**Brief**
Whenever "photo" occurs in a line of the material, list that line.

**Data for this exercise**
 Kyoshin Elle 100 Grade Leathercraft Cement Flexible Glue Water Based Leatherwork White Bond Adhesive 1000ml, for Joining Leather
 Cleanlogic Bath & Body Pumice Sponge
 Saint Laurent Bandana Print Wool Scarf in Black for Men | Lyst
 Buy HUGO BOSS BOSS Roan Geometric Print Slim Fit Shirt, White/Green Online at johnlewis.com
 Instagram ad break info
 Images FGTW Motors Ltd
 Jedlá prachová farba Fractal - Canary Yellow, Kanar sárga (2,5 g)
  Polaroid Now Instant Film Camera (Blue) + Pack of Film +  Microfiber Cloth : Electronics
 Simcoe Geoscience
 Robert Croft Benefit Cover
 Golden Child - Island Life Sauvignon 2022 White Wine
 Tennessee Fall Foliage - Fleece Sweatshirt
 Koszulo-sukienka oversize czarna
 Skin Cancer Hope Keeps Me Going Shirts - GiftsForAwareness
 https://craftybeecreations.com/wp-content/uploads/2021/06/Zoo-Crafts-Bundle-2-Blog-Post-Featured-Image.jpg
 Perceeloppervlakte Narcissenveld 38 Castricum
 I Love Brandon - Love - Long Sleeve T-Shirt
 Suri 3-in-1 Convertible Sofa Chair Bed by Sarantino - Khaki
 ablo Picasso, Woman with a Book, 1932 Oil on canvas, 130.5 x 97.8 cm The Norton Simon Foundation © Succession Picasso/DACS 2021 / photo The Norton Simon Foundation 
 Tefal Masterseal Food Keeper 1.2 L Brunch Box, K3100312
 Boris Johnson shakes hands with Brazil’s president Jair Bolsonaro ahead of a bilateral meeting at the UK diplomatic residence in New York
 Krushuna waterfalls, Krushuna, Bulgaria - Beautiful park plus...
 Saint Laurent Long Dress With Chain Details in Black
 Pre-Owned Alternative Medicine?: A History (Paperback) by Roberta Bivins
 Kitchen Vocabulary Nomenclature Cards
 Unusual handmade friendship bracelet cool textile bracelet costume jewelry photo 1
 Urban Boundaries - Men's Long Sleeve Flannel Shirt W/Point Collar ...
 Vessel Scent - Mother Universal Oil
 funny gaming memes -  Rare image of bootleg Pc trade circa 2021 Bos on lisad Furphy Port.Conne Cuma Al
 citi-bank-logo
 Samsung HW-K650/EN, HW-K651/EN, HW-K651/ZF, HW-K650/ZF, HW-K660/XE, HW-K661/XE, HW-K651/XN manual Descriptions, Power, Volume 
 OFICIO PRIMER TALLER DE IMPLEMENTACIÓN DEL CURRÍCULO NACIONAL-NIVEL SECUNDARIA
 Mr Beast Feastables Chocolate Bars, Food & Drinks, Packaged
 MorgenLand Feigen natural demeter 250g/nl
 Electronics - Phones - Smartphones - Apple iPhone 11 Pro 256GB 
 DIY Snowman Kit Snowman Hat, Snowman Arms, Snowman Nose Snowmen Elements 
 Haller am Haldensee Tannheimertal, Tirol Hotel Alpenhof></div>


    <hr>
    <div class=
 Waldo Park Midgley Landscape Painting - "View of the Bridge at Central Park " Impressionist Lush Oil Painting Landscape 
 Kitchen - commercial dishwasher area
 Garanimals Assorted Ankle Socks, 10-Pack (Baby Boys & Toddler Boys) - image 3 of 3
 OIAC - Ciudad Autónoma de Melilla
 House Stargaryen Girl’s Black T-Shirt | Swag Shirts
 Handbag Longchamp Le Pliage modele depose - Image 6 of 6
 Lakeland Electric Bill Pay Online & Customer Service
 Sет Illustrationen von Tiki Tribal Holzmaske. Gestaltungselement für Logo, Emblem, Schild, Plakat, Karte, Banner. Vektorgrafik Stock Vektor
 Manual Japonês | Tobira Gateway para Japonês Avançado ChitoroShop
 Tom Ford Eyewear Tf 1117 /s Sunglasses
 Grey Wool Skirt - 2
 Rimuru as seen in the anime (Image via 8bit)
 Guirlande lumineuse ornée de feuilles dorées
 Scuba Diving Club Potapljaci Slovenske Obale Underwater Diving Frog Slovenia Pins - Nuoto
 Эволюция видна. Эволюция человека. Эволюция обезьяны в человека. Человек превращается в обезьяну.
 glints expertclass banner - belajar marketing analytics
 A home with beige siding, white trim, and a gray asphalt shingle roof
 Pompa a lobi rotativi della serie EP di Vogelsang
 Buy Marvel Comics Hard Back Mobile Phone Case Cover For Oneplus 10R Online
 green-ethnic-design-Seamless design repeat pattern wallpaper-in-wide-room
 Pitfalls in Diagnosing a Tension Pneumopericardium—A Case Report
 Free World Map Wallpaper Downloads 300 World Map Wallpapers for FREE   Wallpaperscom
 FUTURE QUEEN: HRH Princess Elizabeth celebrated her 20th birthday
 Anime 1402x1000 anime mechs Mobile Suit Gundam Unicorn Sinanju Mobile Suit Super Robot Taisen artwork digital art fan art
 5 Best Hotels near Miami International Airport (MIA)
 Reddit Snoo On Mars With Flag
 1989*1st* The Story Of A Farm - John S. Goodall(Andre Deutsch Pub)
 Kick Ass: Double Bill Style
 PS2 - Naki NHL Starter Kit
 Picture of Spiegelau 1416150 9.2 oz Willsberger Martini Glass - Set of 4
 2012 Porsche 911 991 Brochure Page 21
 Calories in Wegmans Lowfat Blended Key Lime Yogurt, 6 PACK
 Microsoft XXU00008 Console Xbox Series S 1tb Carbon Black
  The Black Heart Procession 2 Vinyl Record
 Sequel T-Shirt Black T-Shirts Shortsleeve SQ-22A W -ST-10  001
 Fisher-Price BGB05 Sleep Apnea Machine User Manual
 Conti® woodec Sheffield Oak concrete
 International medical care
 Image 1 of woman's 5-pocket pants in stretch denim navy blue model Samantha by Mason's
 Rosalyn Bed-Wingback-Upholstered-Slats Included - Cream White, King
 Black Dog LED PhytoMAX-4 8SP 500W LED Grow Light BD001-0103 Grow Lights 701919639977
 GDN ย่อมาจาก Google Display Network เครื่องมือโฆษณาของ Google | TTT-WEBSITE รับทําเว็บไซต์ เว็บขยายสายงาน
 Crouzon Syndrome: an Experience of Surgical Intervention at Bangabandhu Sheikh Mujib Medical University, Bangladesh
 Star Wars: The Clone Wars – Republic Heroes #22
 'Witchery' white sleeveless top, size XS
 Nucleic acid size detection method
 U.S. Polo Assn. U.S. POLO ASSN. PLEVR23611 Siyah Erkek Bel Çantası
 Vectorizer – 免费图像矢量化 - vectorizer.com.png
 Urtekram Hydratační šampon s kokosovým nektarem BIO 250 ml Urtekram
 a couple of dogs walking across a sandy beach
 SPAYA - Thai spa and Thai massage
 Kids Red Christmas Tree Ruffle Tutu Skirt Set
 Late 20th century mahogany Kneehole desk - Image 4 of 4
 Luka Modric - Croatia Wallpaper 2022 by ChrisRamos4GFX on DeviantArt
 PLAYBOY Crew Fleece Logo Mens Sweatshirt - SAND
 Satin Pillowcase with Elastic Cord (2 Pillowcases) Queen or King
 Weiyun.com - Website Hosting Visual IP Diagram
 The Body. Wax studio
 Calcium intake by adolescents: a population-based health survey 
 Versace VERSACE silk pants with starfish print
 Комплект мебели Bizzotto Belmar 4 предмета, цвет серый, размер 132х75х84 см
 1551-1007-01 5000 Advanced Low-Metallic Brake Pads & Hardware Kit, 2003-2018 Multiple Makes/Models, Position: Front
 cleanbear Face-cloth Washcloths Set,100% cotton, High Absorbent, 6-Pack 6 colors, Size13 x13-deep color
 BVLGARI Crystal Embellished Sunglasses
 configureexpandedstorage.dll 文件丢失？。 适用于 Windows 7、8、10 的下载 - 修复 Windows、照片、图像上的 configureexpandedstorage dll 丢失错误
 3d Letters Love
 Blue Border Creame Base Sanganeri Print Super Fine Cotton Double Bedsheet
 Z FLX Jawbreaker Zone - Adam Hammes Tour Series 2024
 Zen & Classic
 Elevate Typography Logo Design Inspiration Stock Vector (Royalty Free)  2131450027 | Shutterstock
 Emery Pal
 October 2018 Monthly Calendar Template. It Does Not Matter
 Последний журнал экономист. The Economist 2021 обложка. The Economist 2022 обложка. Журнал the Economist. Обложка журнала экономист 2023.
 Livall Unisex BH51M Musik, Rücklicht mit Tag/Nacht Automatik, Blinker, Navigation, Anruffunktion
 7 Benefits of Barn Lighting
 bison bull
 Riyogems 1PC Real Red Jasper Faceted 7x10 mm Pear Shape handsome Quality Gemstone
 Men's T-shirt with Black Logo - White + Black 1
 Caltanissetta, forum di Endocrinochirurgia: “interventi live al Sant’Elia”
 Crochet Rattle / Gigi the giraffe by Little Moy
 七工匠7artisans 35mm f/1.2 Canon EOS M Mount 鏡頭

**Reply to the exercise**
 ablo Picasso, Woman with a Book, 1932 Oil on canvas, 130.5 x 97.8 cm The Norton Simon Foundation © Succession Picasso/DACS 2021 / photo The Norton Simon Foundation 
 Unusual handmade friendship bracelet cool textile bracelet costume jewelry photo 1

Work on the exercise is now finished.